On 01/09/05, Sy sy1234@gmail.com wrote:
At the very least, that special page should have a series of links (or preferably checkboxes and a submit button) to fix each double/triple/whatever redirect.. making them all redirect to the final target.
This much I agree with; it could make the edit automatically, and leave an appropriate note in the edit history/watchlists/etc.
Frankly I would see value in an automatically self-healing setup where redirects adjust themselves after being followed to point down the chain to that final target page.
This I'm less sure of - sometimes, people will move a page so that they can create something else at the old location; in this case, at least some redirects to the old location *should not* be fixed. If they were automatically "healed" as soon as someone followed them, they would come to point to the wrong location.

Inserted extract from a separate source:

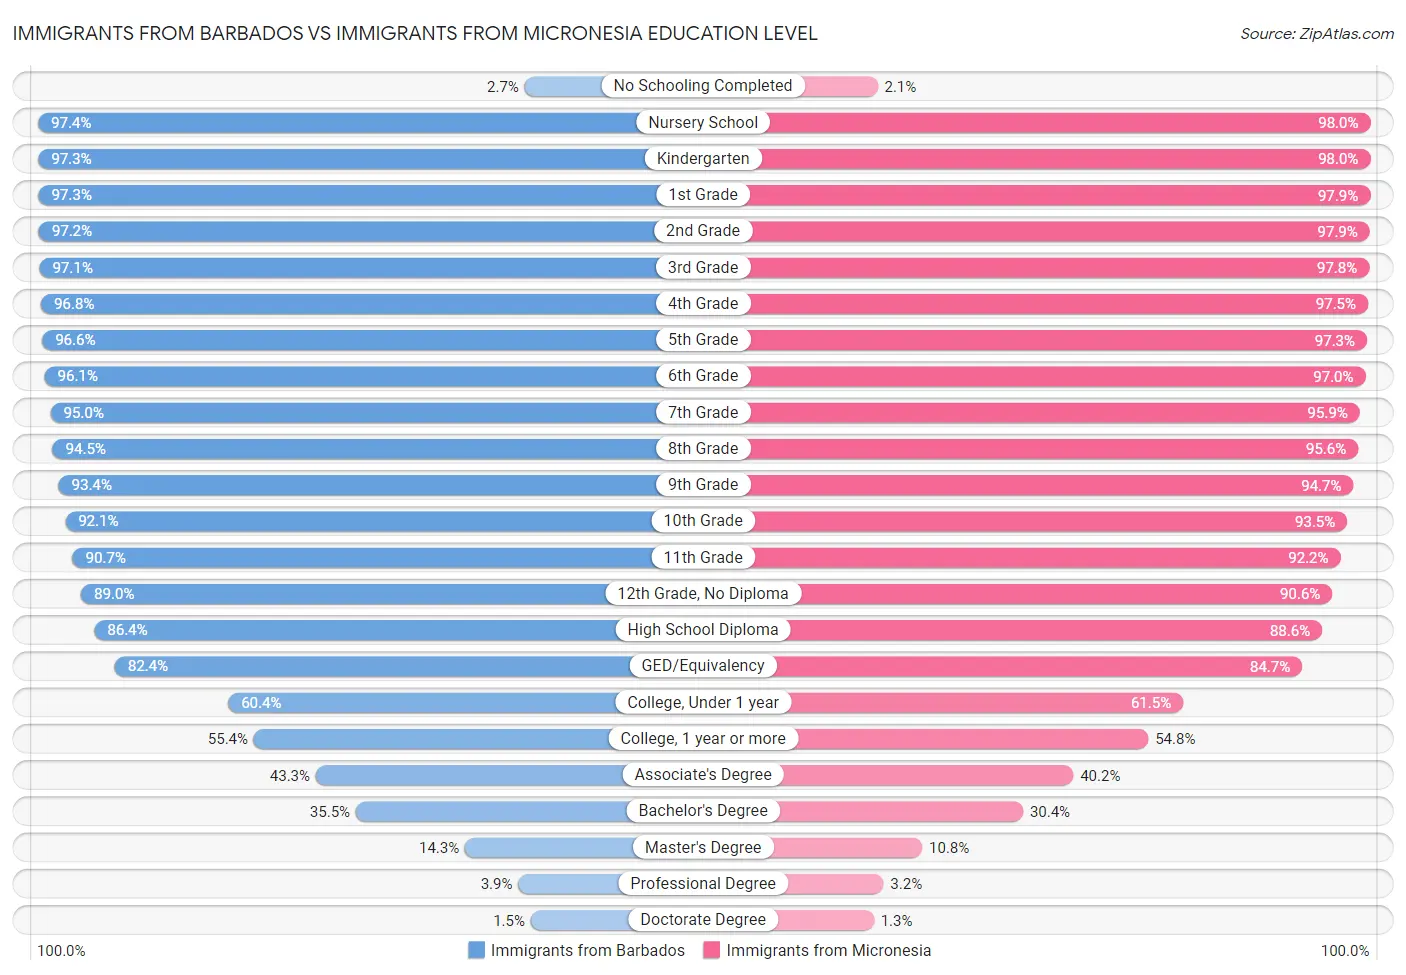 Immigrants from Barbados vs Immigrants from Micronesia Education Level

I think automating / assisting in the *process* is fine, but the decision to carry out the action should still be left to a human.
A > B > A when followed once A becomes just A with no redirecting.
Why is it not fixed at A->B, with B not redirecting (since you could equally describe the loop as B->A->B)? And what does "just A with no redirecting" mean - a blank page? How is this an improvement on the current situation, since it still needs someone to work out why it's gone wrong and fix it. And by arbitrarily manipulating the redirects like this, you've lost some of the information about the original situation - it is no longer as easy to see that A was a redirect to B in order to work out what it *should* be.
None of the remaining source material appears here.